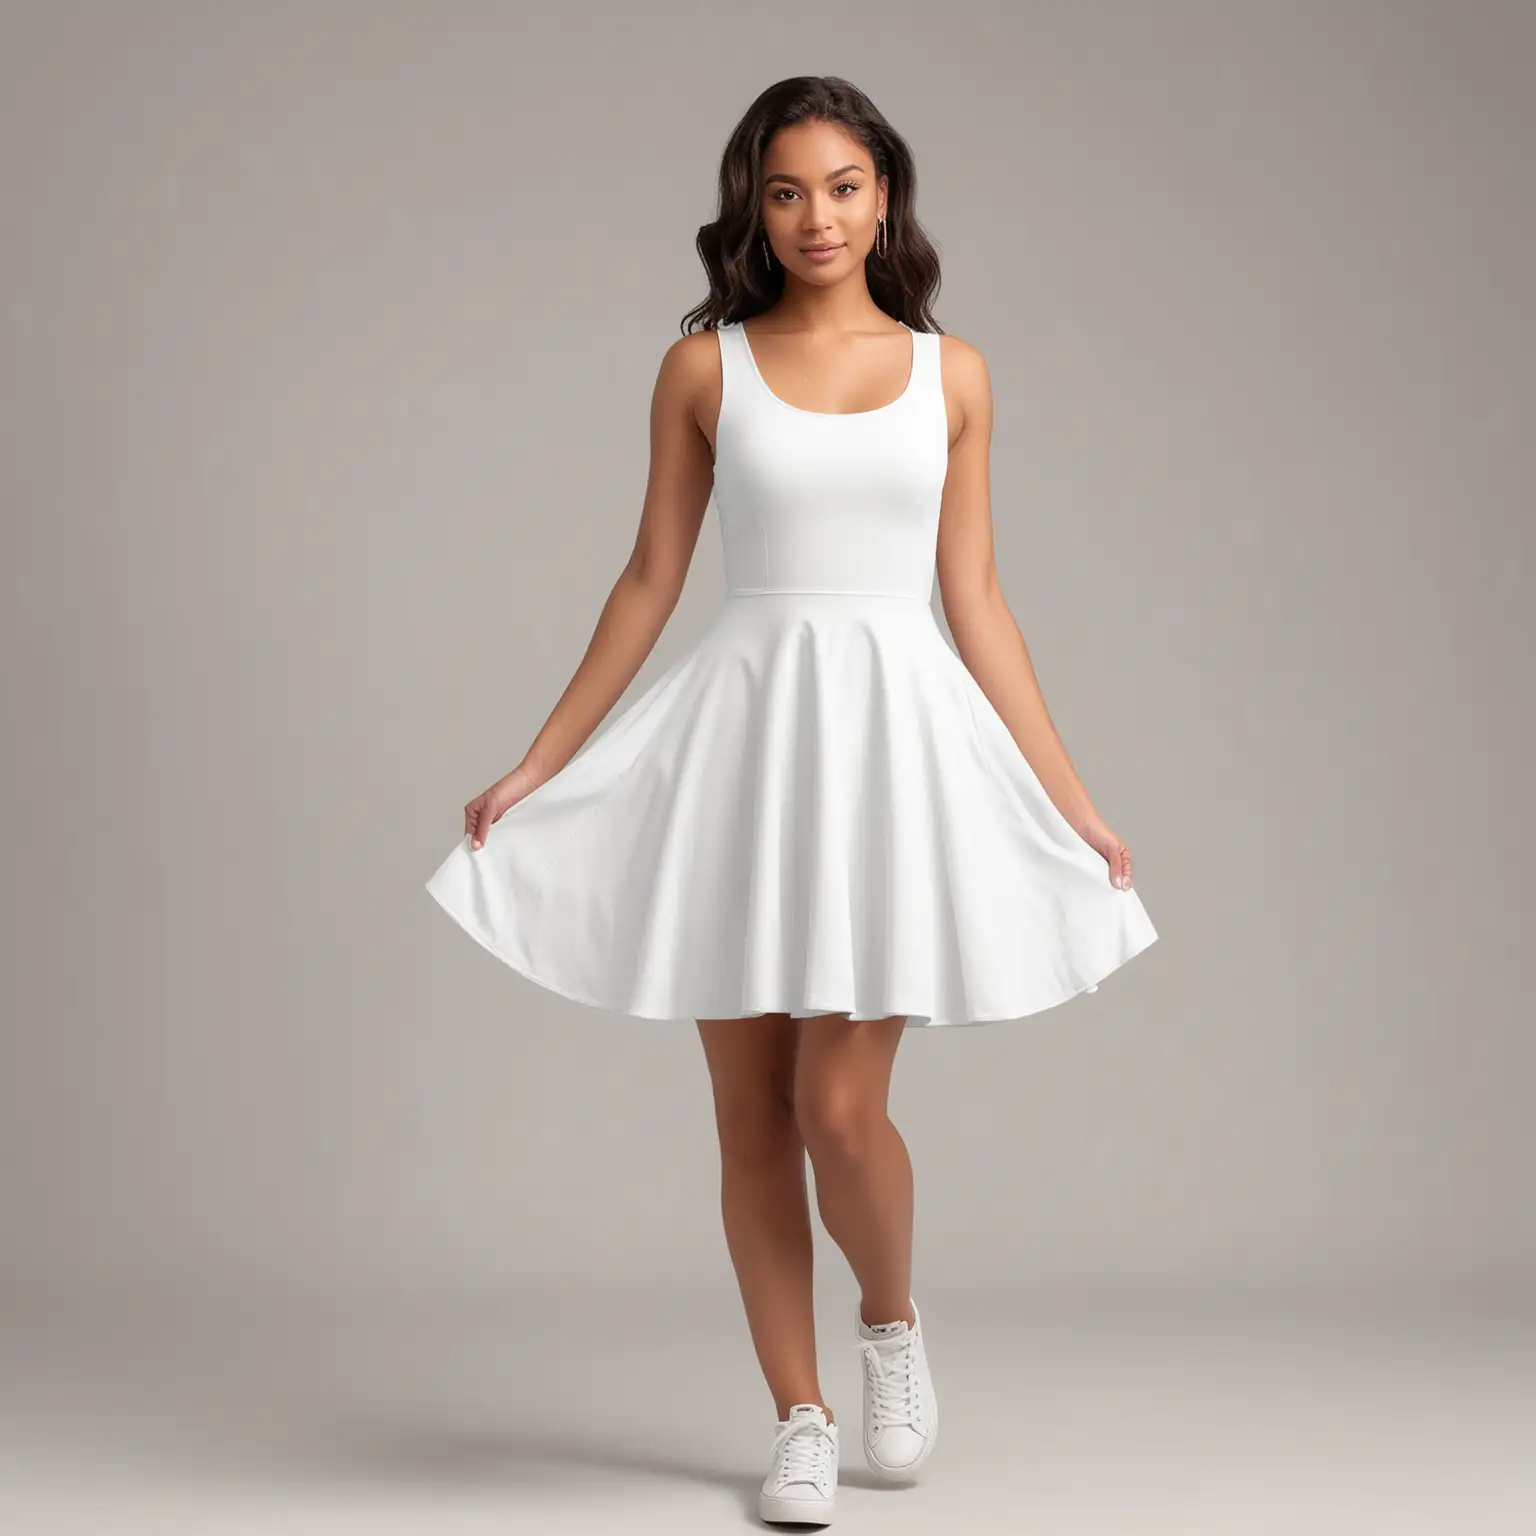 mockup for a skater style dress with tank top sleeves.  the model should be female and resemble carrier white.  the background of the phot should look like a prom.
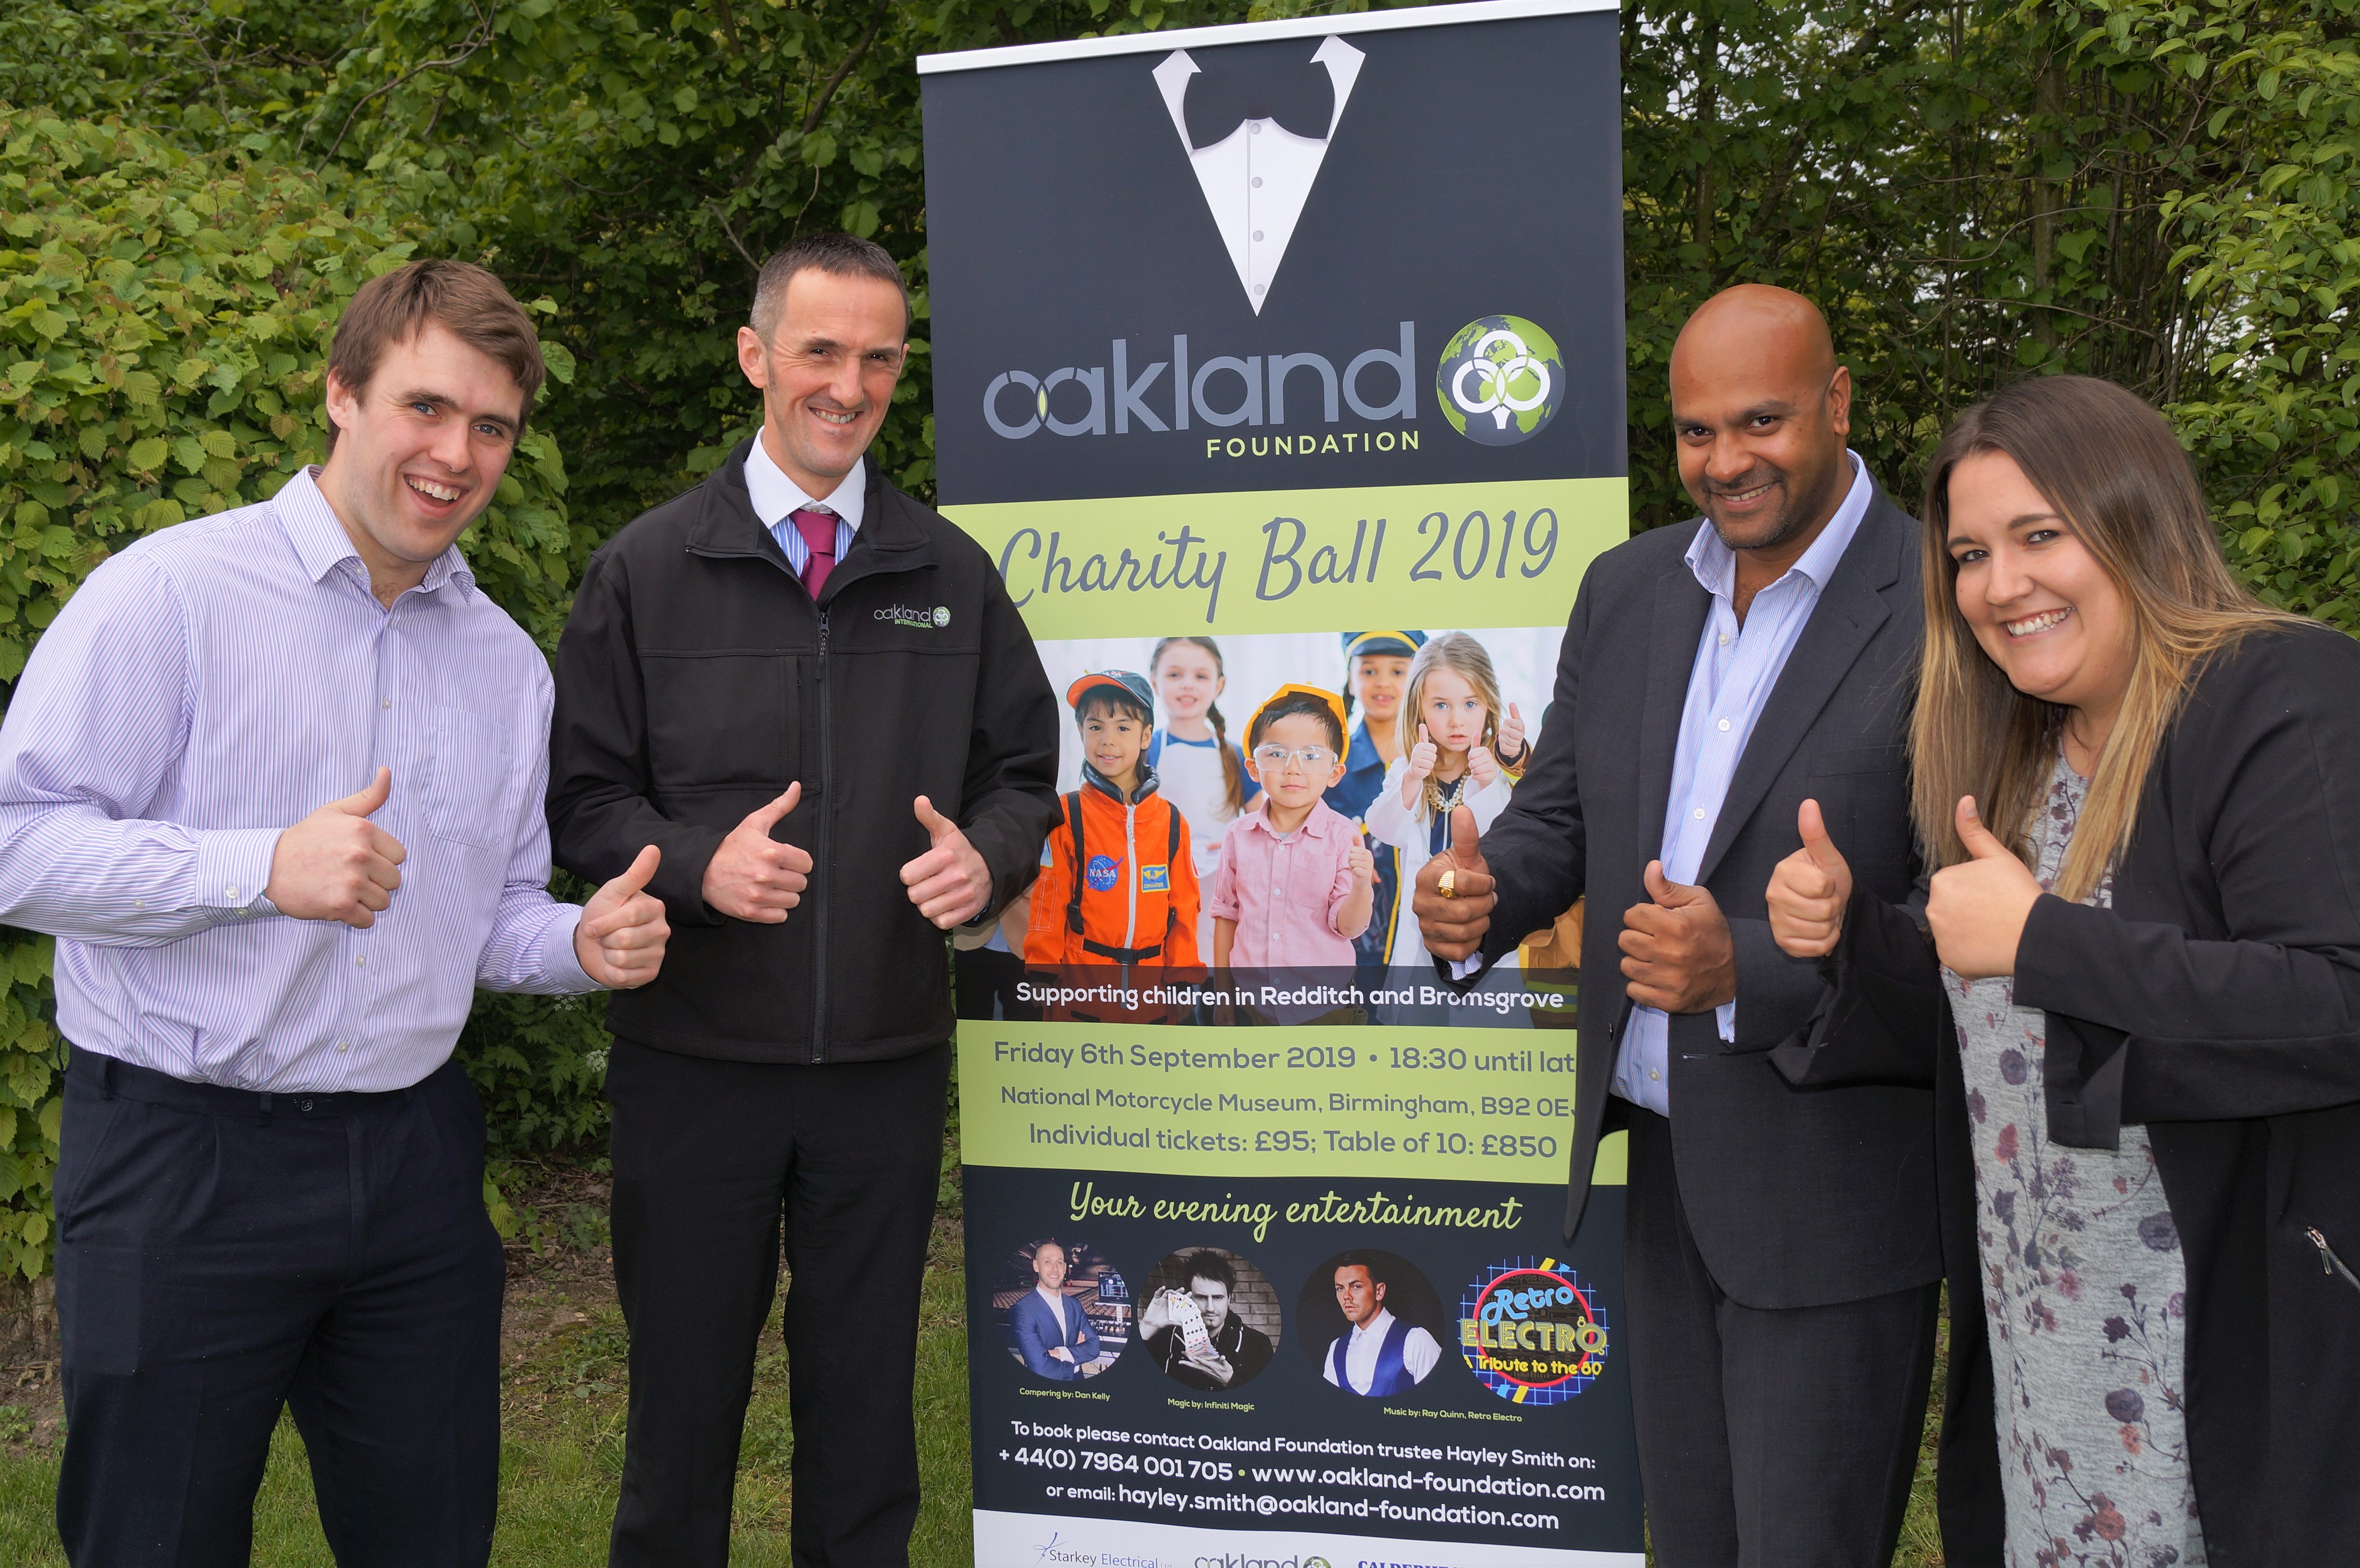 Business Community Lends its Support to Upcoming Charity Ball
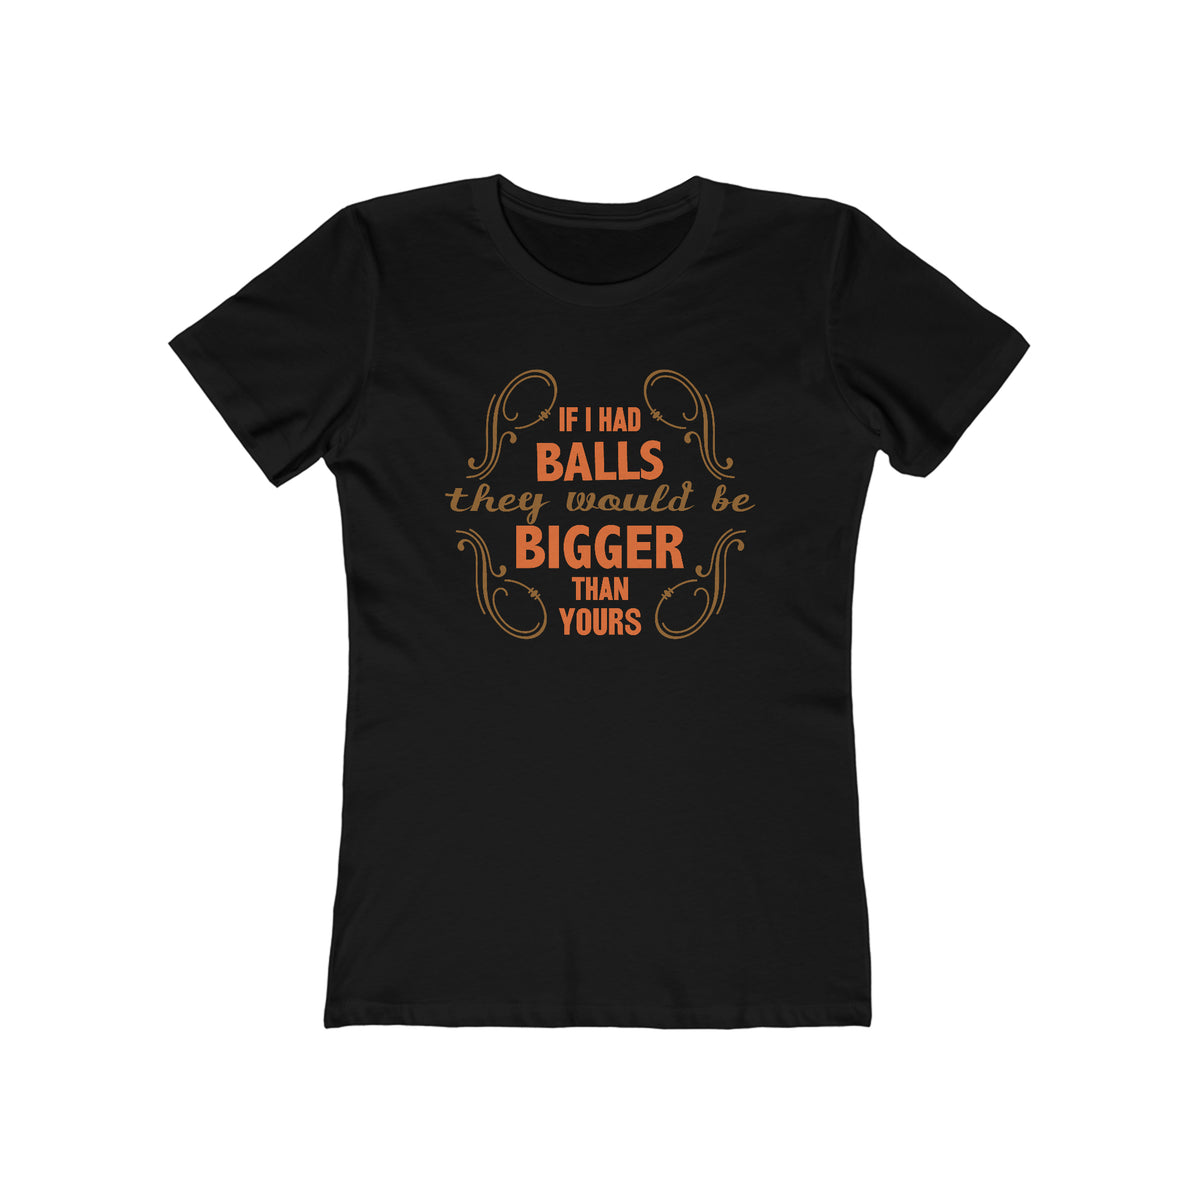 If I Had Balls They Would Be Bigger Than Yours - Women’s T-Shirt
◆ ◆ ◆ ◆ ◆
## Problem to work on
Word for word, restate the lines from the line containing "Business Community Lends" through the end of the data, including the first and last of them. Pictures stay out.

## Output
 Business Community Lends its Support to Upcoming Charity Ball
 If I Had Balls They Would Be Bigger Than Yours - Women’s T-Shirt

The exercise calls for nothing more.